→ WORK INSTRUCTIONS
From top to bottom, return the listing exactly as it appears, omitting its images.

→ EXERCISE DATA
□ □ □ □ □

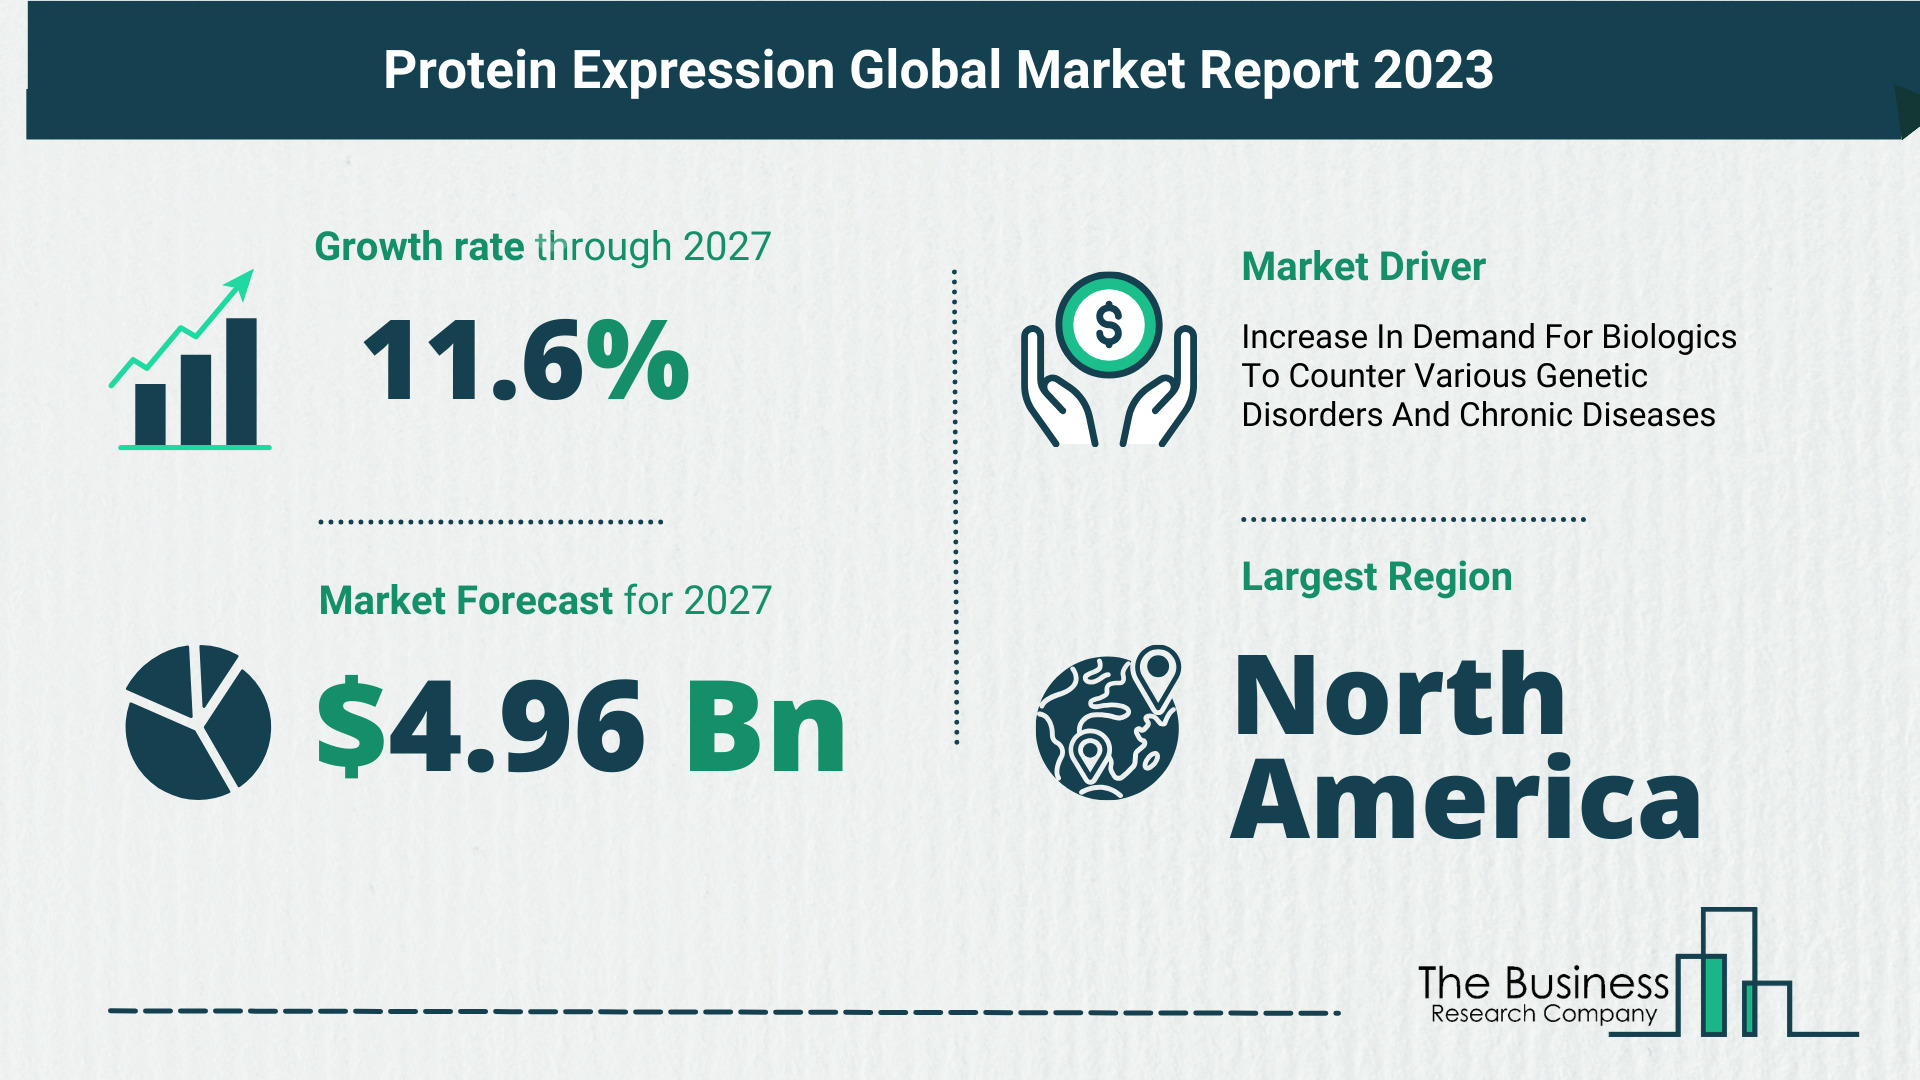 Top 5 Insights From The Protein Expression Market Report 2023
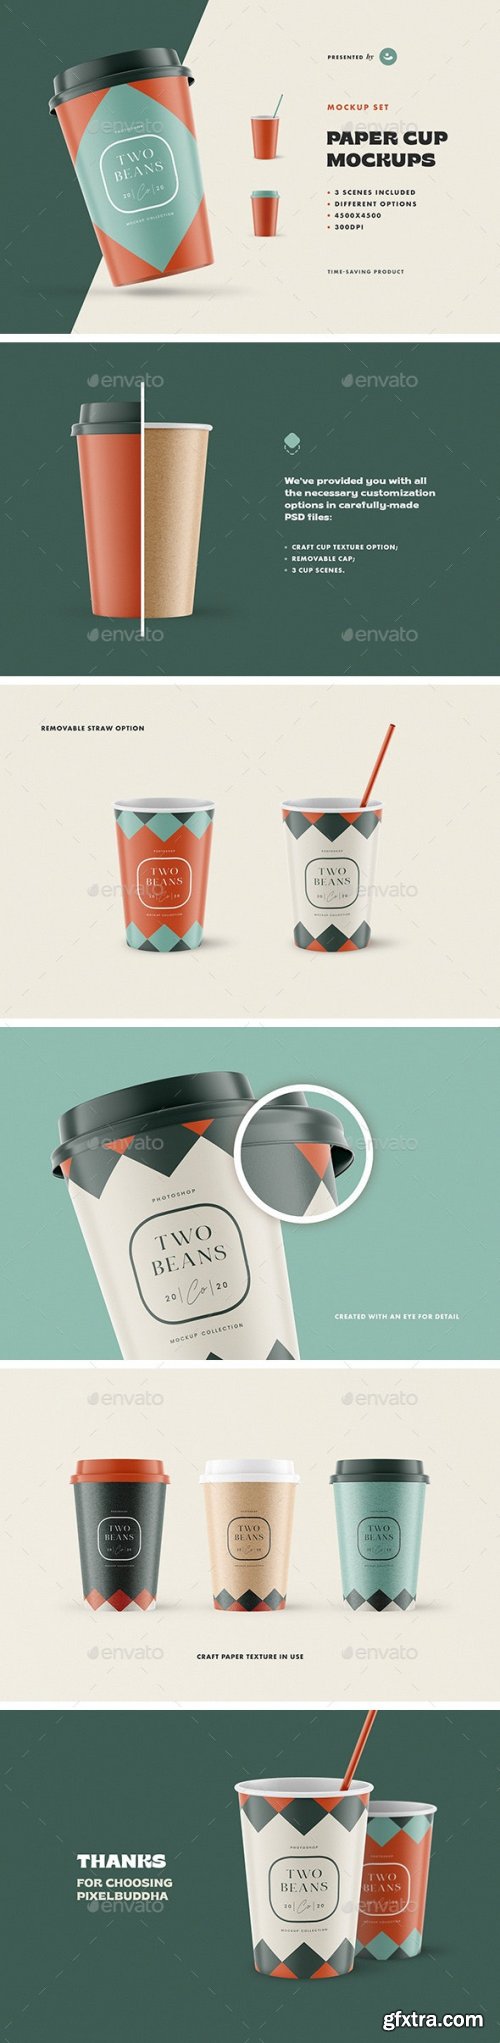 GraphicRiver - Paper Cup Mockups 26027868
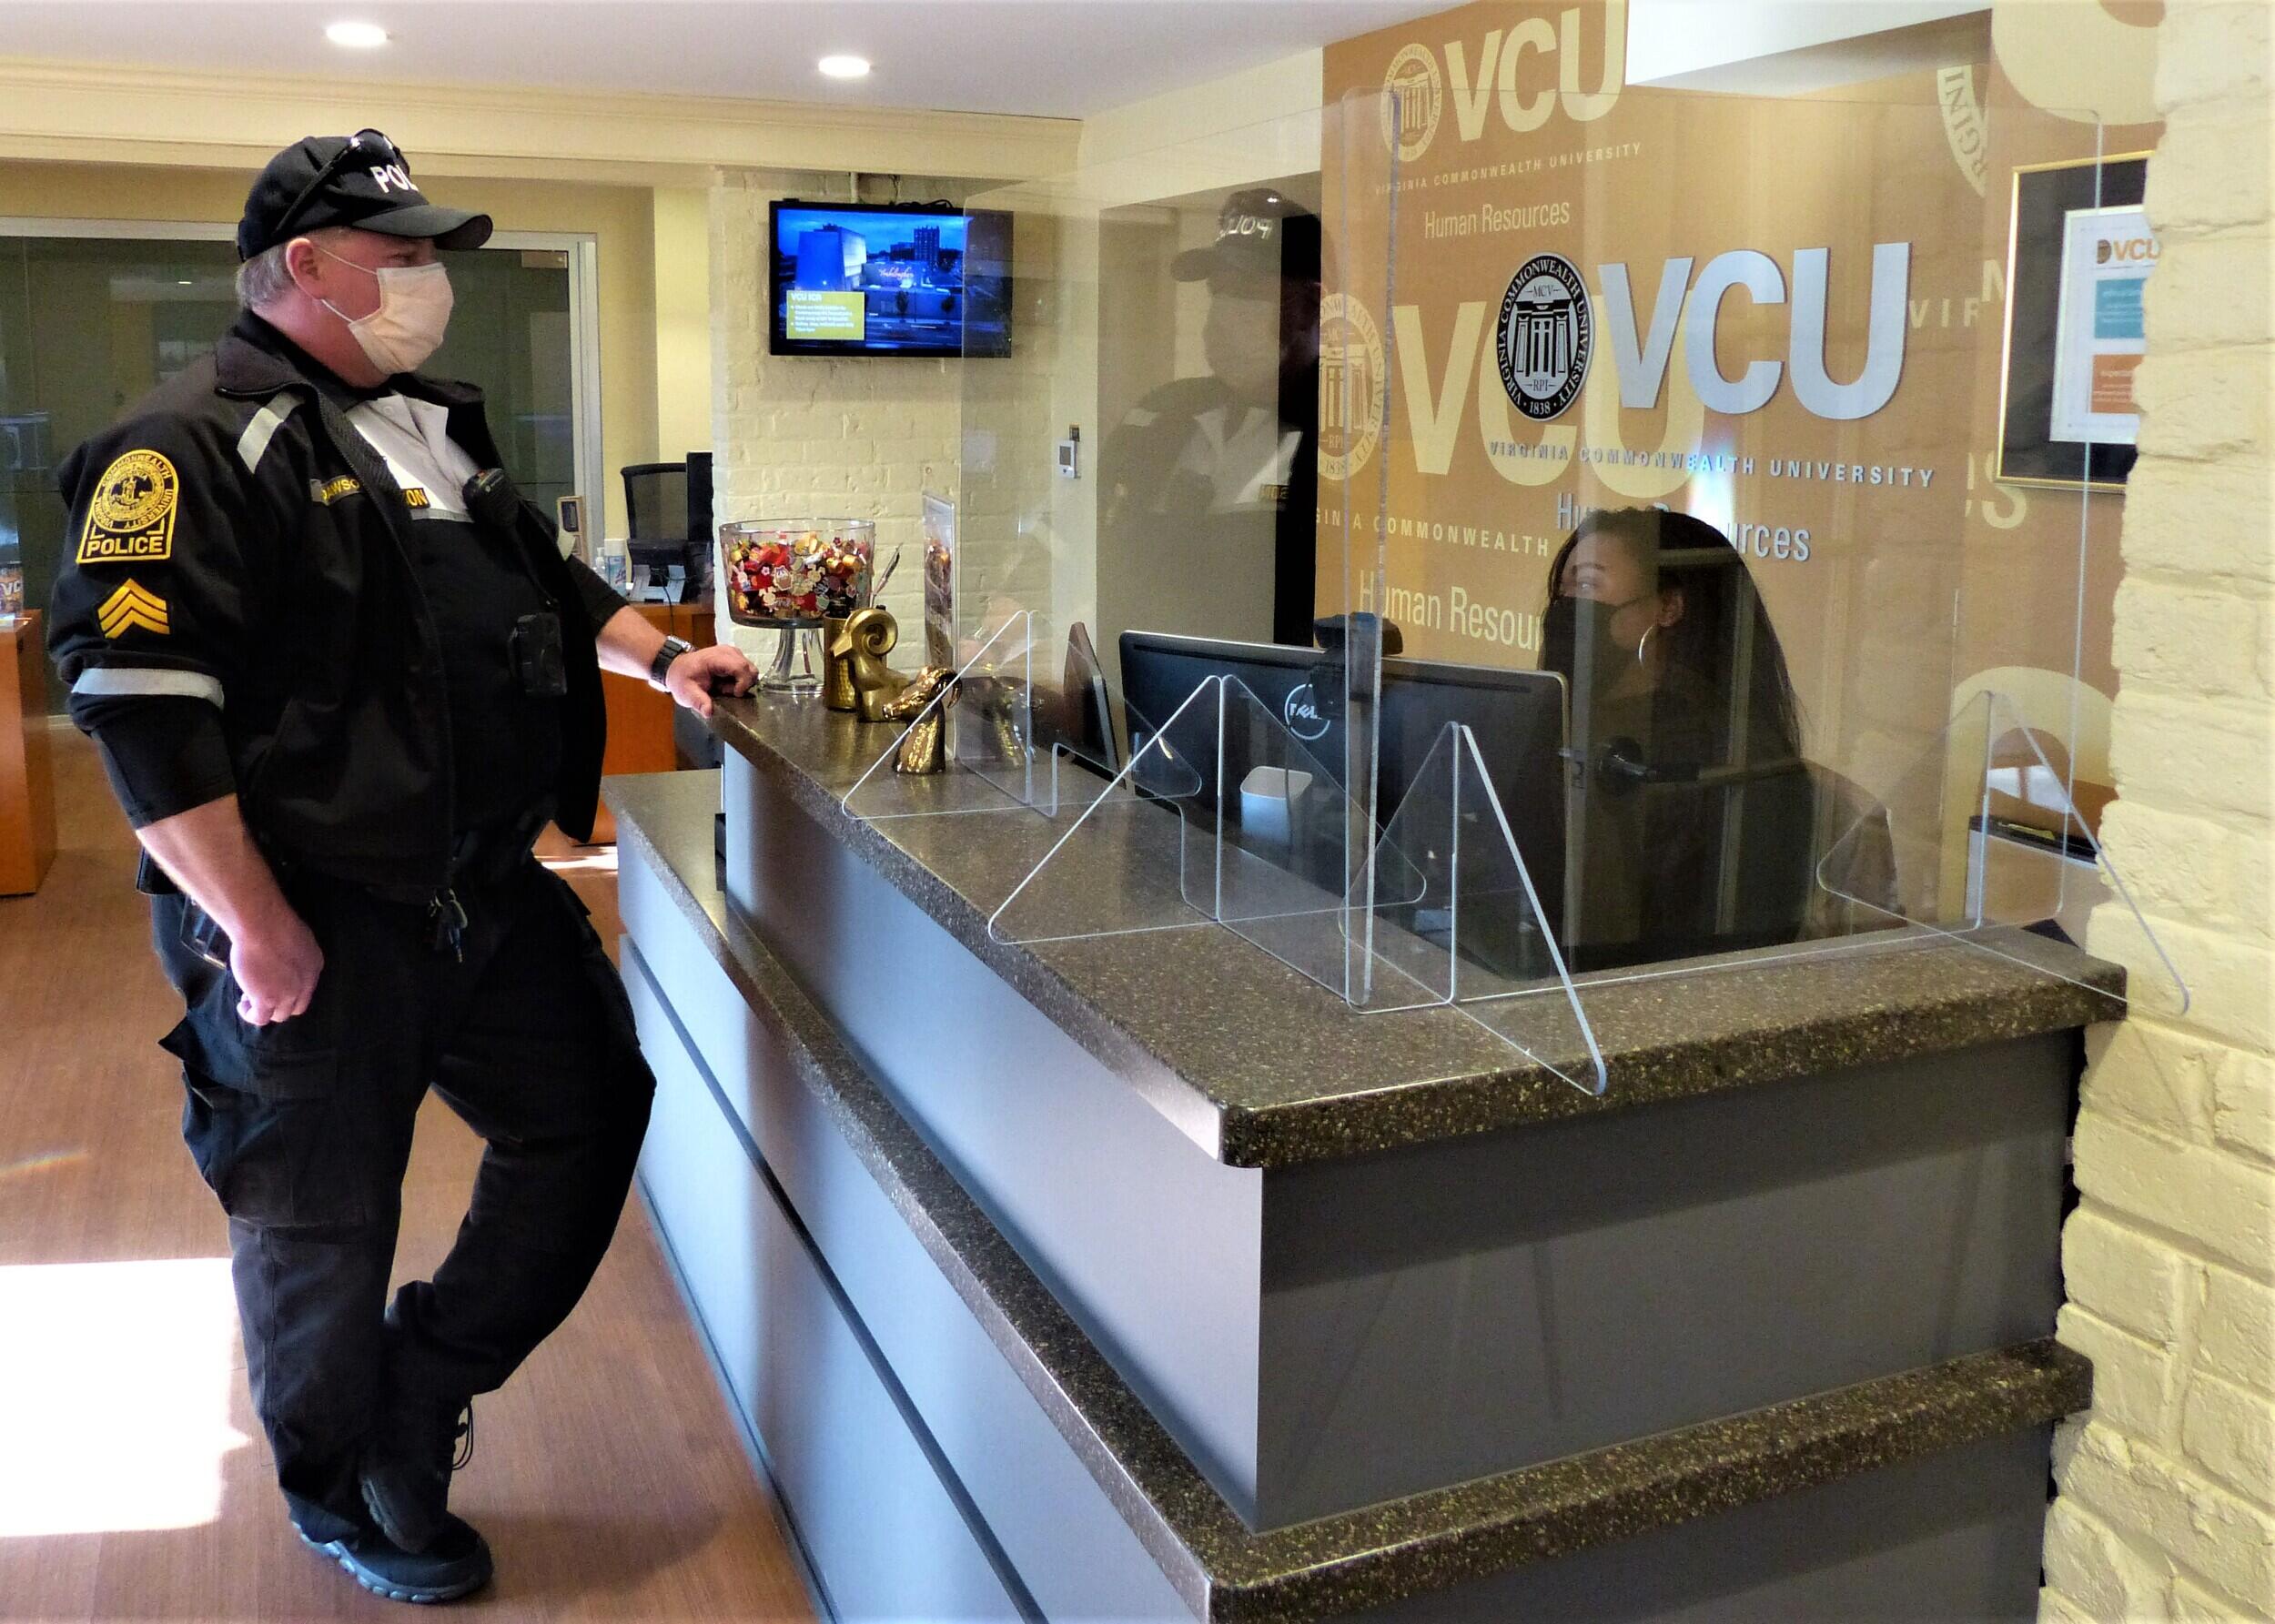 VCU police officer stands in front of reception desk speaking with woman sitting at the desk.

□ □ □ □ □

→ REPLY
 Top 5 Insights From The Protein Expression Market Report 2023
 GraphicRiver - Paper Cup Mockups 26027868
 VCU police officer stands in front of reception desk speaking with woman sitting at the desk.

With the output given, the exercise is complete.